U.S. Historic district – Contributing property
- Designated: April 24, 1997

D.C. Inventory of Historic Sites
- Designated: November 8, 1964

= Rawlins Park =

Park in Washington, D.C., U.S.

Rawlins Park is a rectangular public park in the Foggy Bottom neighborhood of Washington, D.C., two blocks west of the White House grounds and two blocks north of the National Mall. The boundaries of the park are 18th Street NW to the east, E Street NW to the south and north, and 19th Street NW to the west. The park was an undeveloped open space for many years, until plans were made to install the statue of John Aaron Rawlins in 1874. Various improvements were made, but the area surrounding the park remained mostly undeveloped. This changed in the 1890s when the area was cleared of marshes, and houses were built on the park's southern border.

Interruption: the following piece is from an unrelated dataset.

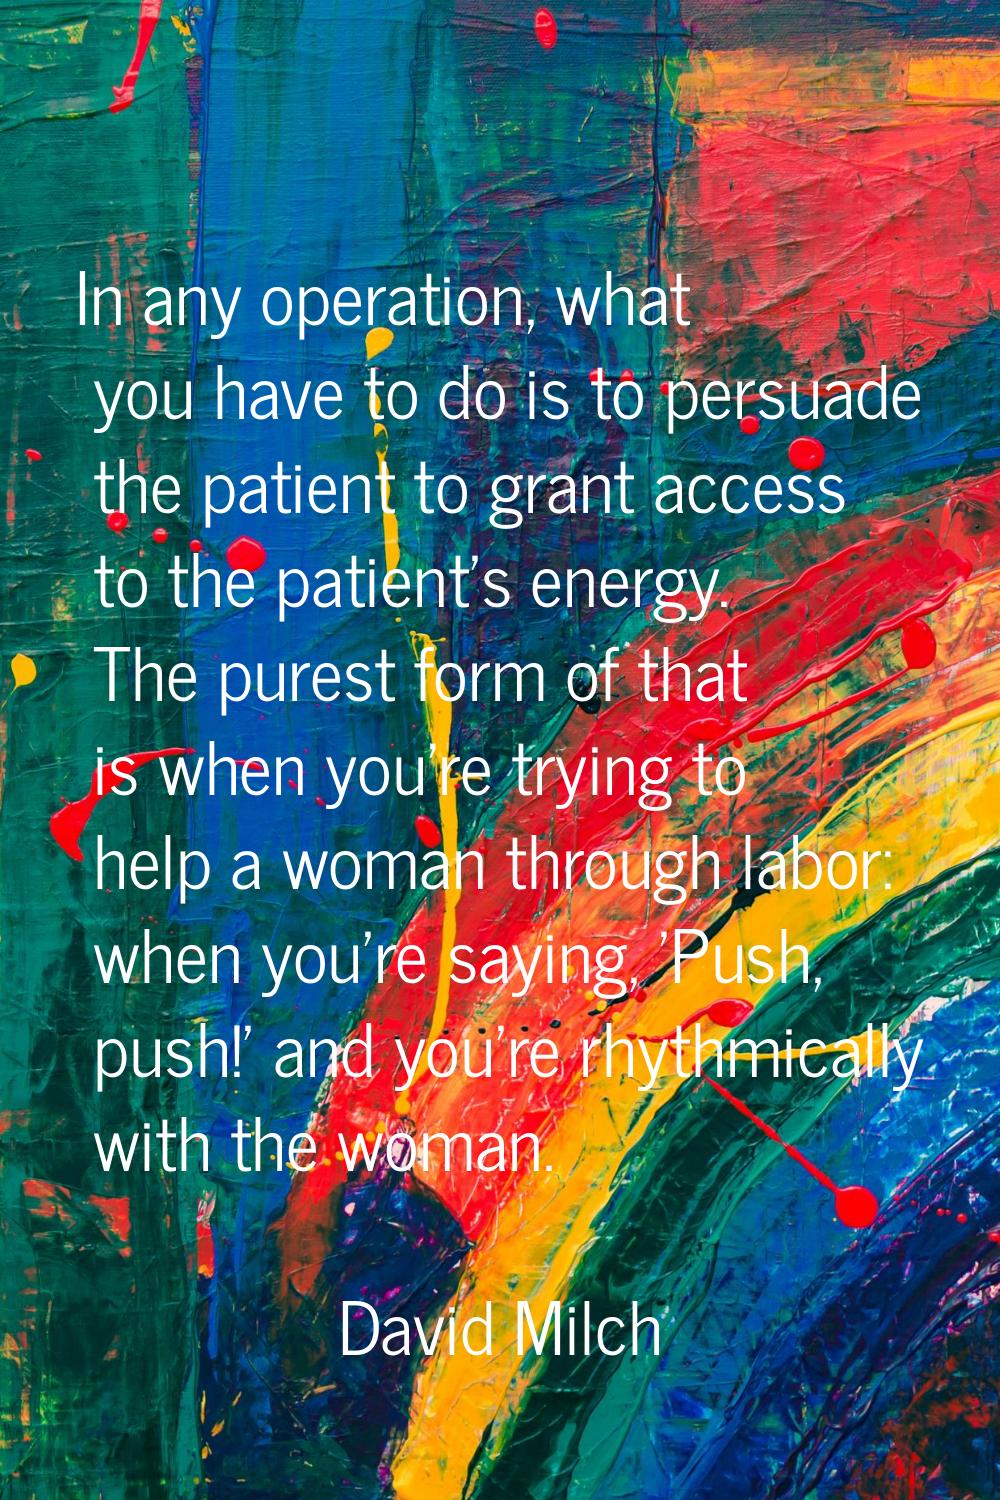 In any operation, what you have to do is to persuade the patient to grant access to the patient's e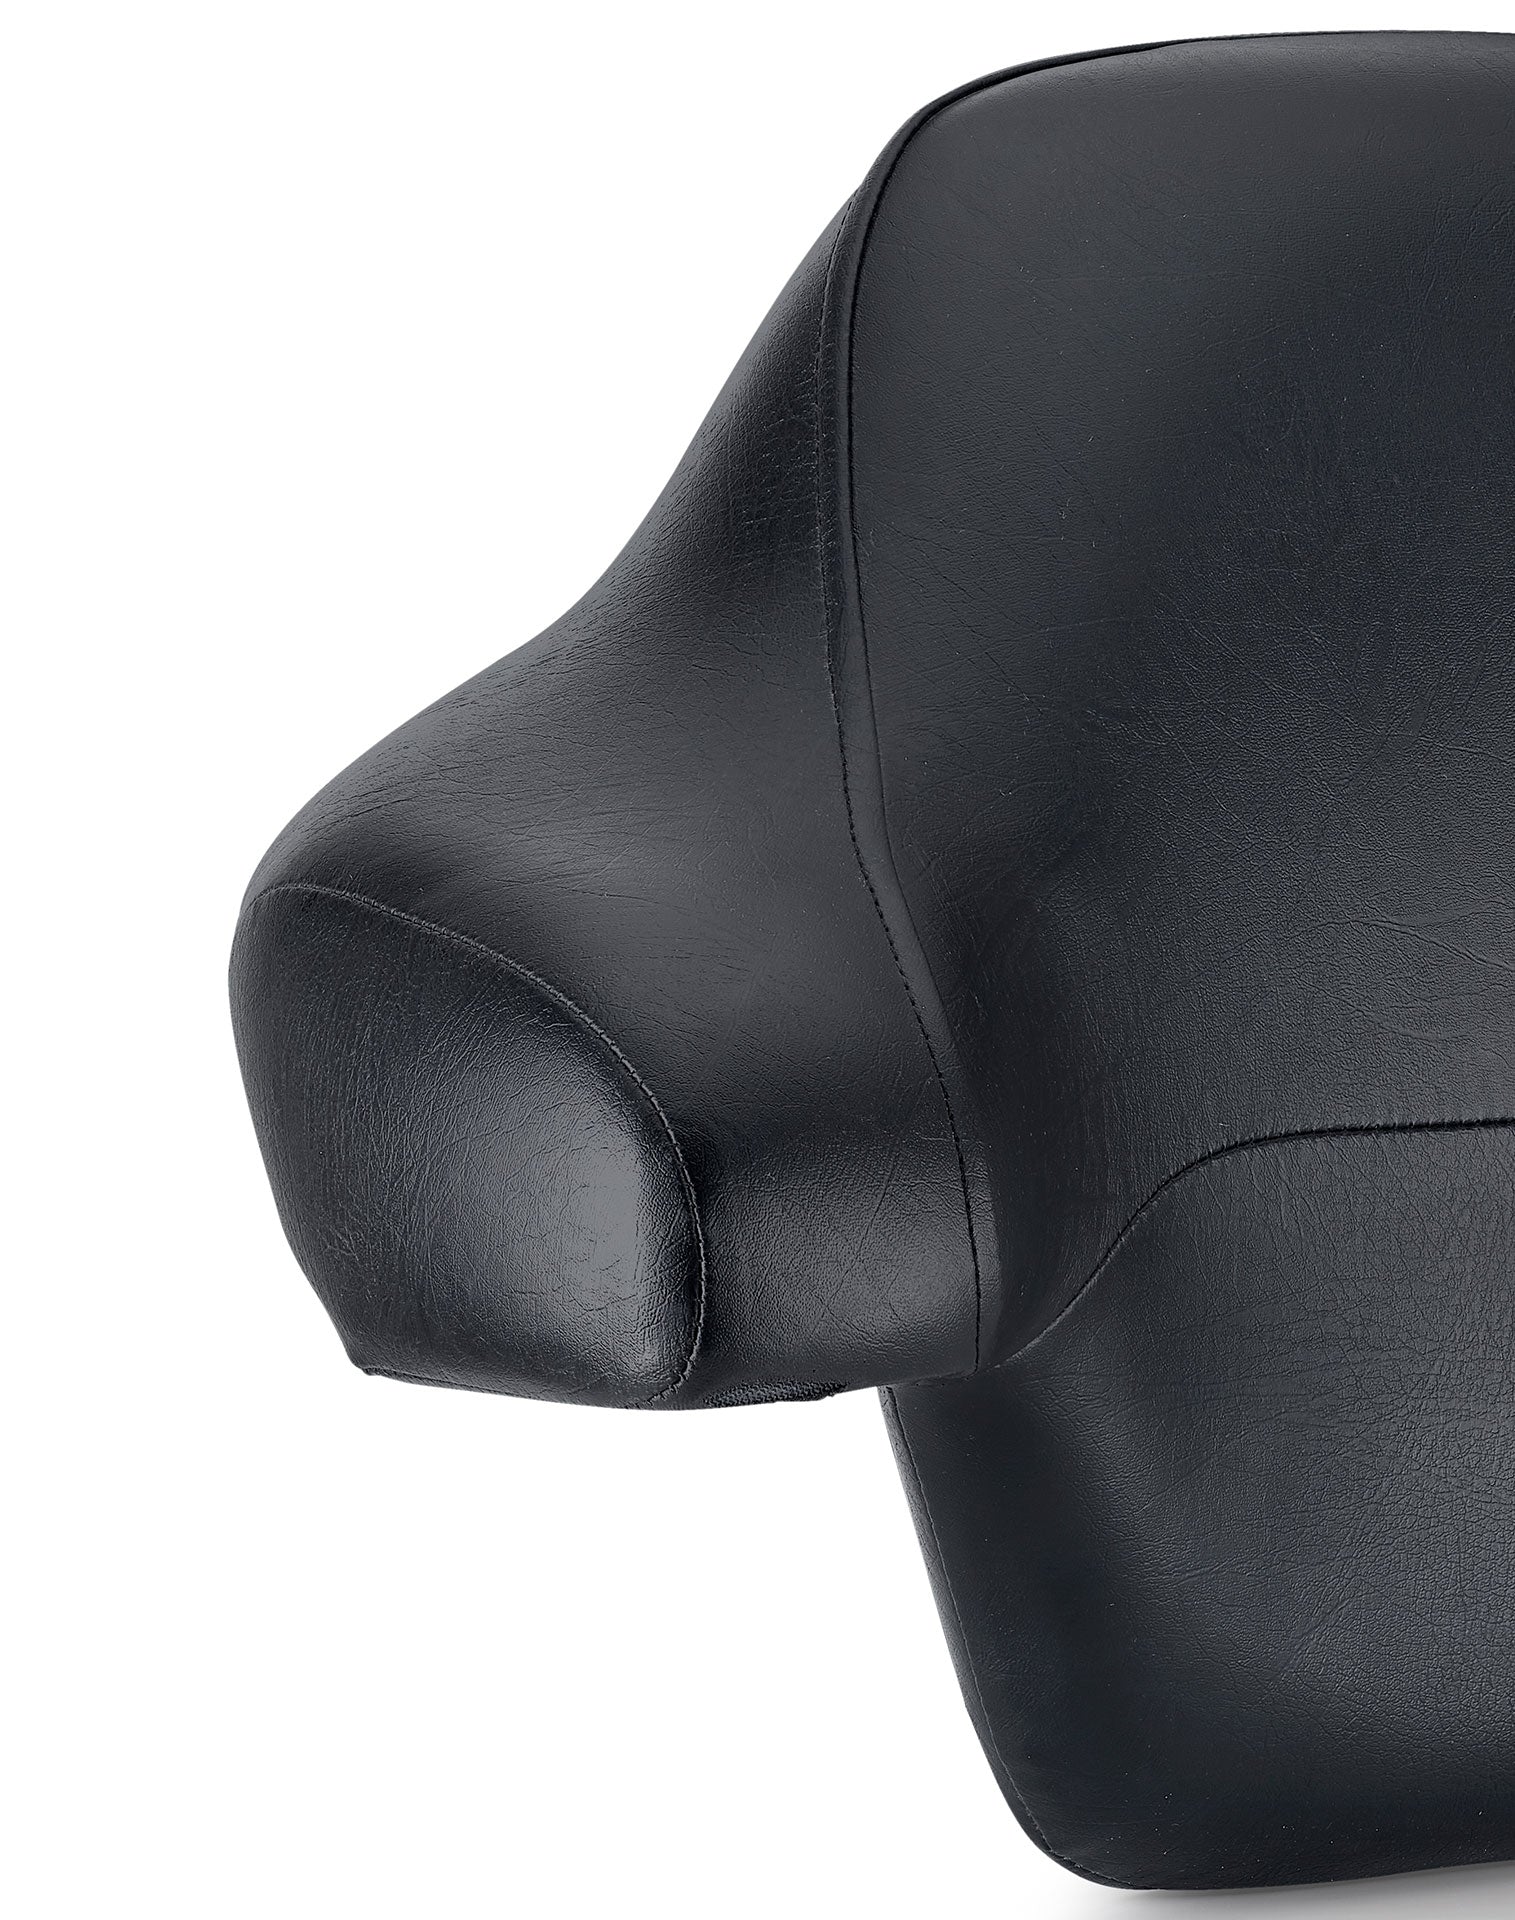 Viking Premium Tour Pack Backrest Pad For Harley Street Glide Close Up View

The first time the statue of Rawlins was moved occurred in the 1880s, but by 1931, it was returned to the park and has been there ever since. A major development in the park's history came in 1915 when the Interior Department selected the lot on the north side of the park to be its new headquarters. The building was later renamed United States General Services Administration Building after a larger building, the Main Interior Building, was built on the south side of the park in the 1930s. A tunnel runs underneath the park, connecting the two buildings.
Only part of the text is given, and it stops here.